The CDC recently published an infographic showing facts about patient education
There are some provocative statements:
- “50 percent of patients walk out of the physician’s office not knowing what they were told or are supposed to do.”
- “Physicians often over estimate the topics and duration of what they have talked about with their patients.”
- “Telling patients once … is usually not enough to get the patient’s attention or buy in.”
- “Patients filter what they hear from their doctor in a variety of ways that physicians usually know nothing about, i.e. the patient’s health beliefs, values, previous experience and illness explanatory models.”
- “90 percent of adults have difficulty following routine medical advice, largely because it is incomprehensible to average people.”
Those who teach or who are heavily invested in communication with patients may take umbrage at these statements, but hopefully, these statements are based in some research and have some validity. My first reaction is, of course, to say, “Not me, I don’t do that” (denial is always the first step in receiving news you don’t want to hear). They’re talking about other doctors, not me!
We also know about techniques, like “Teach back” and methods to ensure the patients buy into what we are telling them, like Prochaska and motivational interviewing. So, if we accept the researched facts presented, what are our barriers to implementing better communication and change models?
I was asked early at PAMED for my opinion on a teaching topic. The topic was motivational interviewing. Two videos were presented. One was the wrong way, presumably how we mostly do things, and then the right way.

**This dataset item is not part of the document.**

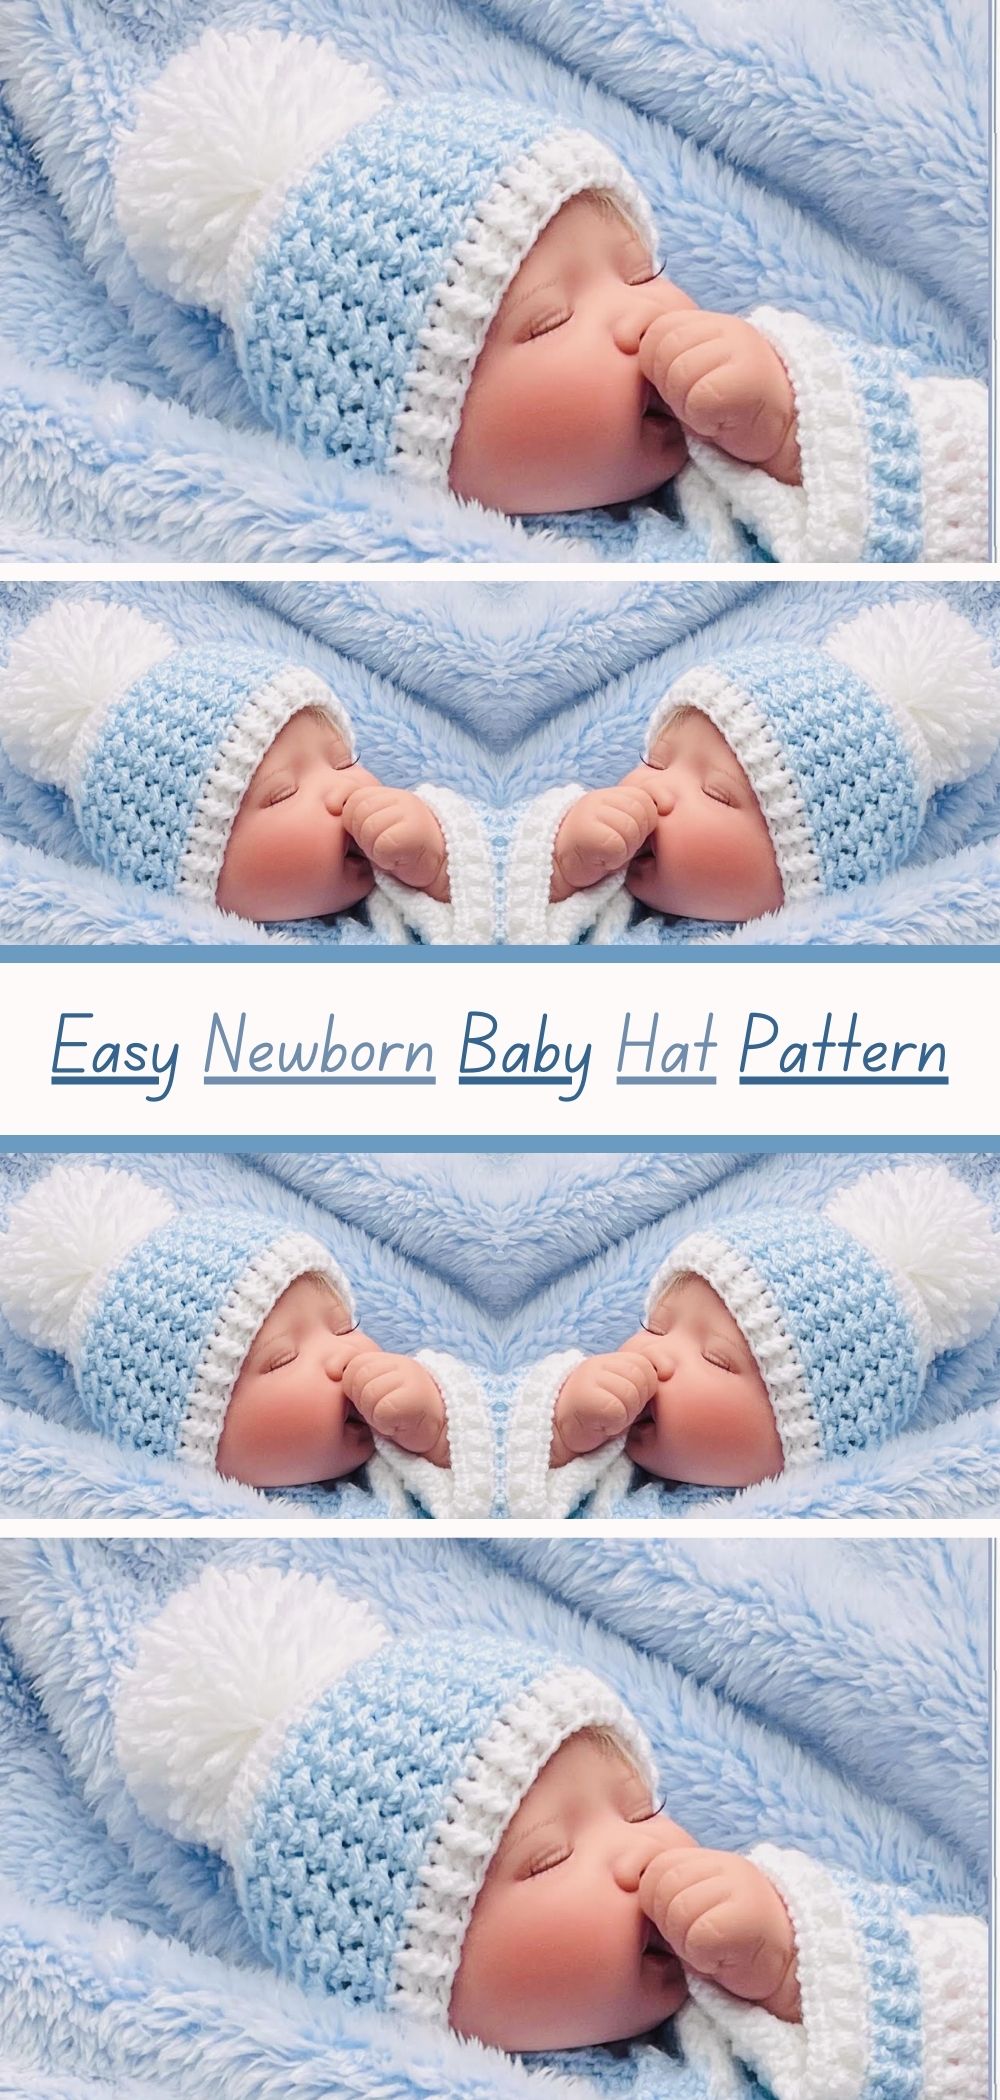 Simple DIY crochet pattern for easy newborn baby hat. Perfect for beginners. Keep your little one snug and cozy!

Without seeing the videos, but looking at the length of the videos, about a minute for wrong, and about six minutes for right, I said the problem is not whether we know what to do, it is whether we can (or will) take the time to do it right.
When we are paid for volume, and patients are being seen in a production line to produce maximum RVUs, taking five extra minutes, even with a few of our patients a day, will impede the production line.
So what are we to do? We do care about this, but we aren’t paid for outcomes (better informed, involved and interested patients who do what they need to). That may soon change if the Volume to Value change is occurring (and do not fear, it is coming).
Luckily, there are answers. Here are a few.
Use non-face-to-face methods
Publish (on the web, paper or both) teaching materials. Have a place on your network, website (or in a cloud) where you can keep documents. If you need to explain something to a patient, write it down, keep it as a document, print it out and hand it to people. Make sure it is in their language, and at their educational level. Translation services are available (and required, but that’s another blog). How many times have you explained the same thing to a patient with the same words?
Write it down once, and hand it to the next 100 patients you see with that problem.
There’s nothing wrong with handing some materials to a patient, asking them to read them, and being available to ask questions when they’re done reading. Leave the room, close the door, and ask them to open the door slightly if they have any questions, or leave it wide open if they are happy and can leave.
Use your staff
Do you have a staff member who really enjoys talking to patients? Who is personable and willing to learn motivational interviewing and whatever clinical you need to teach (using the same materials you already generated after reading the above paragraph)? You can be seeing other patients while that staff member goes through the long process of determining the patient’s beliefs, barriers, and so forth.
Ask
How many of you ask the patients you see to rate how they feel after the visit? “When I left the office, I had a good understanding of what I need to do?” Strongly agree = 5, strongly disagree = 1. Do it for a week or a month, or forever. “I am ready to do what I need to do to get healthier.” If you consistently get back lower scores, work on it!
We all want good outcomes for our patients and there are many barriers. But let’s not let communication be one of them. So we can say, “I’m so glad we could come to agreement on next steps for you. Following that path is what has led to your good health today.”